- Film poster
- Directed by: Sofia Bohdanowicz
- Screenplay by: Sofia Bohdanowicz Deragh Campbell
- Produced by: Andreas Mendtritzki Aonan Yang Sofia Bohdanowicz Priscilla Galvez
- Starring: Deragh Campbell
- Cinematography: Nikolay Michaylov
- Edited by: Pablo Alvarez-Mesa Sofia Bohdanowicz
- Music by: Olivier Alary
- Production companies: Greenground Productions Maison du Bonheur Films
- Distributed by: Vortex Media
- Release date: September 7, 2024 (TIFF);
- Running time: 142 minutes
- Country: Canada
- Language: English

= Measures for a Funeral =

Measures for a Funeral is a 2024 Canadian drama film directed by Sofia Bohdanowicz. An expansion of her 2018 short film Veslemøy's Song, the film stars Deragh Campbell as Audrey Benac, a graduate student researching the life and career of classical violinist Kathleen Parlow.
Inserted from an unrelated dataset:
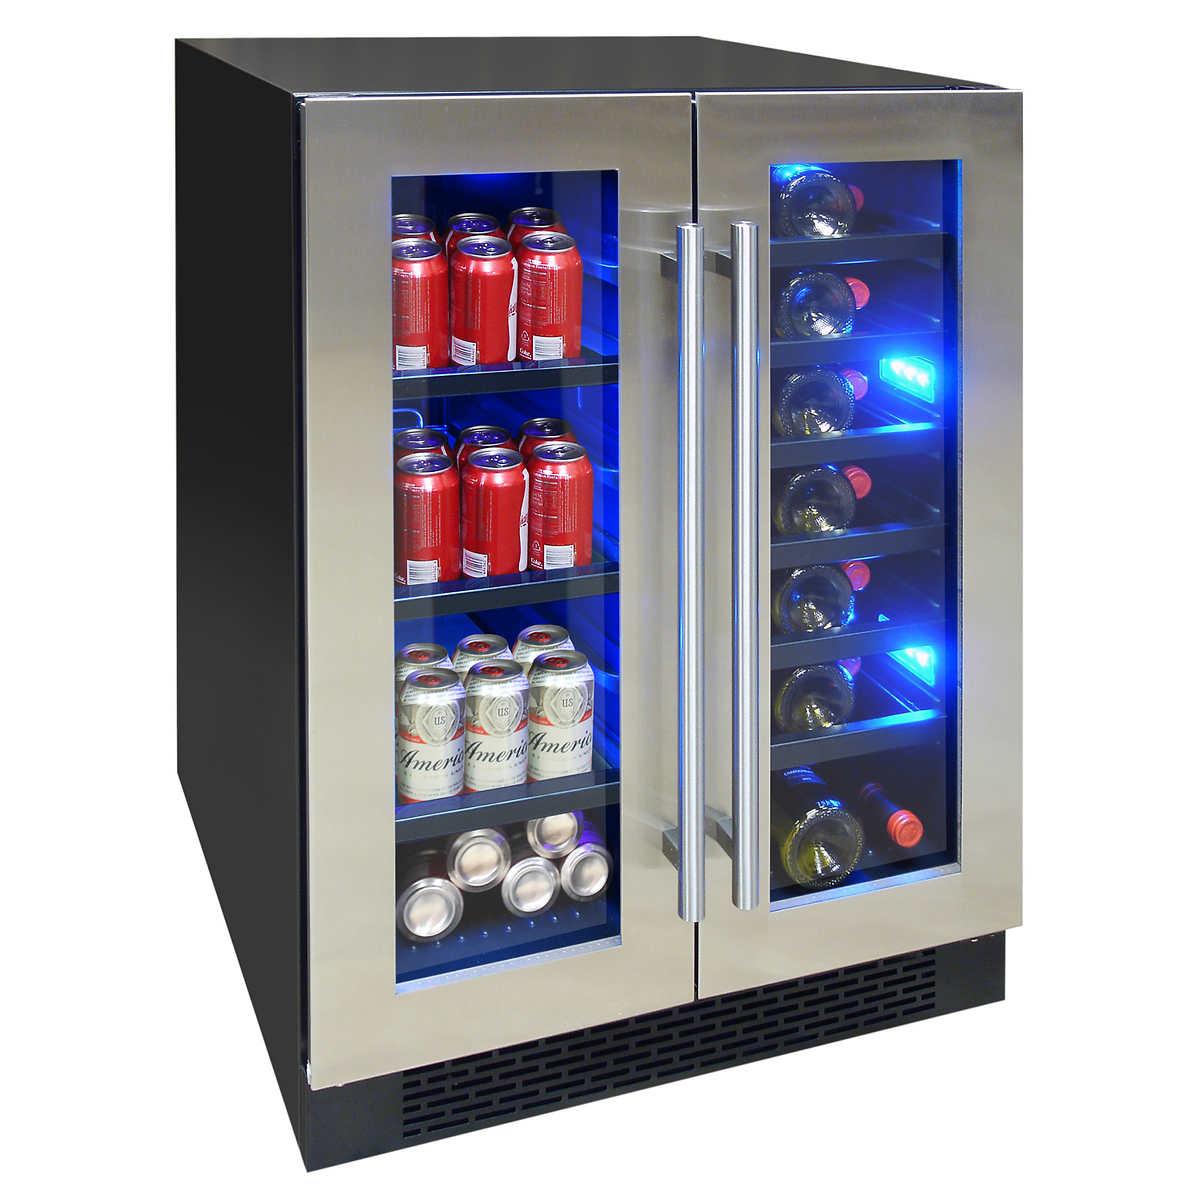 wine cellars  coolers  costco - element by vinotemp dualzone wine and beverage center elbwc

The cast also includes María Dueñas, Melanie Scheiner, Mary Margaret O'Hara, Yannick Nézet-Séguin, Maxim Gaudette, Eve Duranceau, Eileen Davies, Rosa Johan-Uddoh, Grace Glowicki, Kieran Adams, Anni Spadafora, Fan Wu, Heidi Galvez, Julia Beyer, Darrah Teitel and Aaron Danby in supporting roles.

In addition to Veslemøy's Song, Campbell previously played Audrey Benac in Bohdanowicz's films Never Eat Alone (2016), MS Slavic 7 (2019), Point and Line to Plane (2020) and A Woman Escapes (2022).

== Release ==
Paris-based company Totem Films acquired world sales rights, excluding Canada, to the film in advance of its world premiere in the Toronto International Film Festival’s Centrepiece program. The film premiered in the Centrepiece program at the 2024 Toronto International Film Festival.

== Critical response ==
For Collider, Taylor Gates wrote: "On a craft level, Measures for a Funeral is remarkable. The entire film is a concert of sorts, and each shot is like looking at a breathtaking painting."

At Drink In The Movies, Michael Clawson wrote: "Tonally, the movie can seem at odds with itself. On one hand, this is a highly cerebral film. [...] There’s a separate impulse towards eerier, more ominous terrain, much of which is grounded in Audrey’s grief. The integration of these two instincts can be awkward. [...] What kept me leaning in was more visual in nature: Bohdanowicz’s precise eye for cloudy European locales, lonely research libraries, and dusky music halls."